Okręg 18 w Skórzewie to z kolei matecznik Piotra Dziembowskiego. Niestety, nie miał on w swoim okręgu żadnego godnego uwagi kontrkandydata. Wybór Piotra Dziembowskiego również uważam za nie najlepiej rokujący dla działań Rady Gminy. To również Radny, który za pomocą pełnionej funkcji próbuje realizować swoje hobby, w tym wypadku z dziedziny historii lokalnej. W czasie minionej kadencji nie udało mu się uzyskać dofinansowania (ze środków publicznych) dla swojej książki, napisanej w ramach przewodu doktorskiego. Przypuszczam, że będzie dążył do tego w obecnej kadencji oraz wkrótce dowiemy się - na ile mandat radnego przyczyni się, do załatwienia prywatnych spraw? Jest również zwolennikiem narzucania patronów historycznych przy nadawaniu nazw ulic – w przypadku nazewnictwa zaproponowanego przez mieszkańców, zazwyczaj wstrzymuje się od głosu. W ostatnim czasie odniosłam się do wypowiedzi Piotra Dziembowskiego na forum Moje Dopiewo w artykule z 26 listopada br. – link.

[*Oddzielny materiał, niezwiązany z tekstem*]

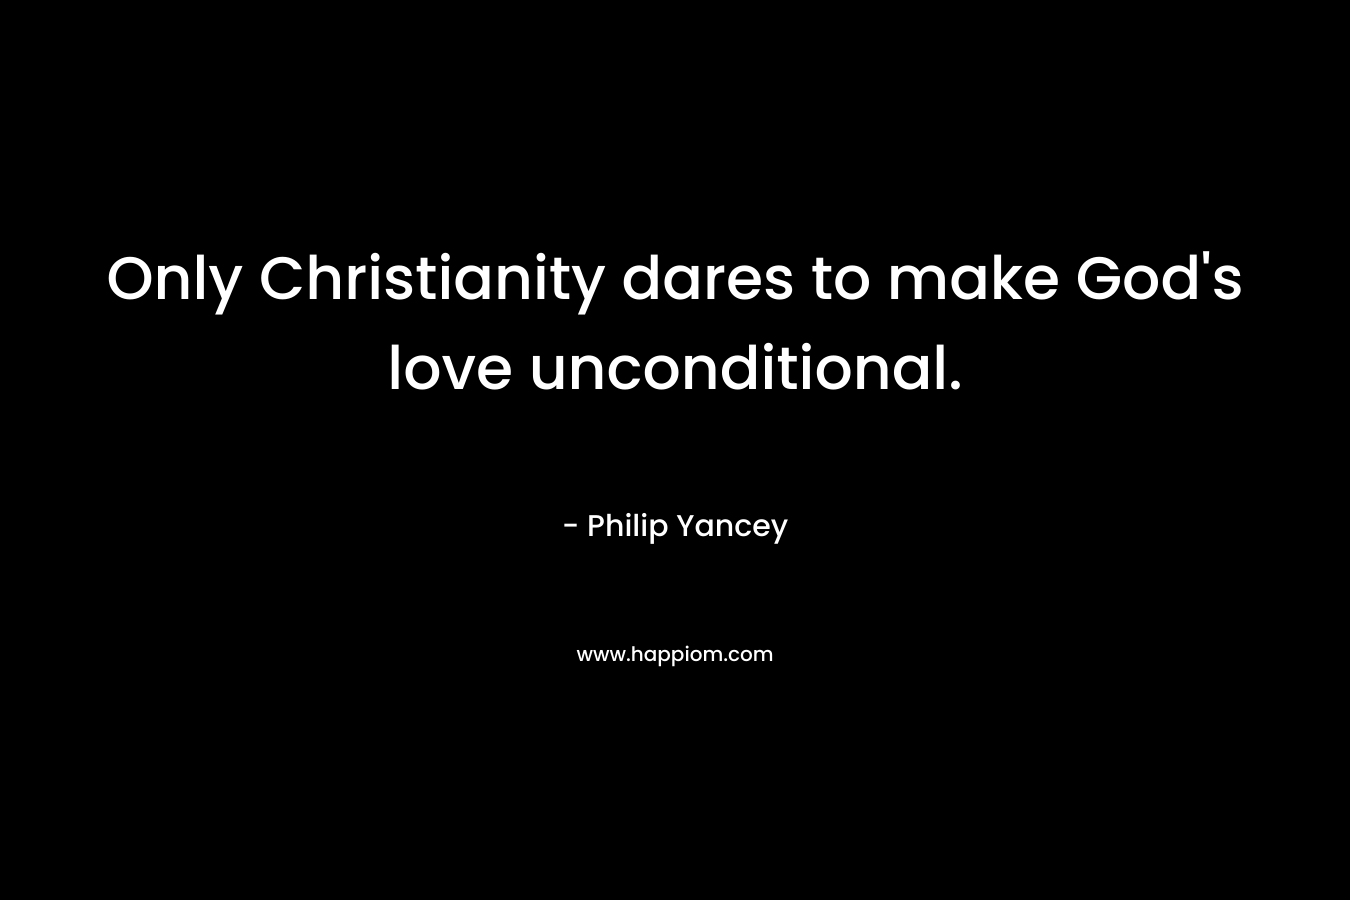 Only Christianity dares to make God's love unconditional.

Mariola Walich nie miała w okręgu 19 konkurencji. Nie ma się co dziwić, prowadząc pocztę zna większość mieszkańców. Z dostępnych informacji wynika, że swoim podejściem do klientów - zaskarbiła sobie wdzięczność i sympatię wyborców.

Więckowice

W tej miejscowości żadnej niespodzianki nie było – procentowo najlepszy wynik w Gminie. W zasadzie od początku liczyła się tylko Anna Kwaśnik, będąca równocześnie sołtysem. Swoim zaangażowaniem w Radzie Sołeckiej udowodniła, że sprawy lokalne są dla niej najważniejsze. Jako sołtys musiała nieformalnie pełnić funkcję radnej, niestety bez prawa głosu. W kadencji 2010-2014 Więckowice podlegały radnym z Dopiewa, uważam że traktowali tą miejscowość jako zło konieczne. W mojej ocenie Anna Kwaśnik jest jedną z najwartościowszych osób w nowej Radzie. Pytanie tylko, czy będzie w stanie coś dla mieszkańców uzyskać? Najtrudniejszą sprawą jest rozpoczęcie budowy kanalizacji sanitarnej. Ze względu na znaczne oddalenie od istniejących sieci oraz oczyszczalni ścieków - jest to zadanie bardzo trudne i kosztowne. W znacznie lepszej sytuacji są Gołuski czy Trzcielin. Może zamiast forsować budowę rurociągu do oczyszczalni ścieków w Dopiewie, należałoby rozważyć inne możliwości - np. współpracę z Tarnowem Podgórnym?

Zakrzewo

Jak wskazują wyniki, Wojciech Dorna również nie miał konkurencji. To co zapewniło mu sukces – to z pewnością duża skuteczność w realizacji kolejnych inwestycji na terenie Zakrzewa. Co ciekawe, skuteczność tą objawił dopiero w czasie Kadencji Zofii Dobrowolskiej. W okresie rządów Andrzeja Strażyńskiego w Zakrzewie zbudowano w zasadzie główny ciąg kanalizacji sanitarnej na ul. Długiej oraz zamontowano lampy na 5 krótkich ulicach (w ciągu 17 lat). Pierwsza utwardzona droga gminna (fragment ul. Niezłomnych) powstała dopiero w 2013 r. Za to oczkiem w głowie Wojciecha Dorny była zawsze OSP w Zakrzewie.
Tak więc, na plus można zaliczyć skuteczność, chociaż widoczną dopiero w ostatnich 4 latach, na minus - chwiejność i kunktatorstwo Radnego. W momentach, kiedy trzeba było wykazać się odwagą cywilną, wolał stosować uniki, np. w czasie głosowań na sesjach absolutoryjnych dla wójta.
Wojciech Dorna kilkakrotnie pokazał, że interes prywatny jest dla niego ważniejszy niż publiczny. Pisałam o tym w postach z 24 grudnia 2011 r. pt. Moralność radnych czyli przyganiał kocioł garnkowi” czy z 28 kwietnia 2012 „Wojciech Dorna – radny bezradny z Zakrzewa”.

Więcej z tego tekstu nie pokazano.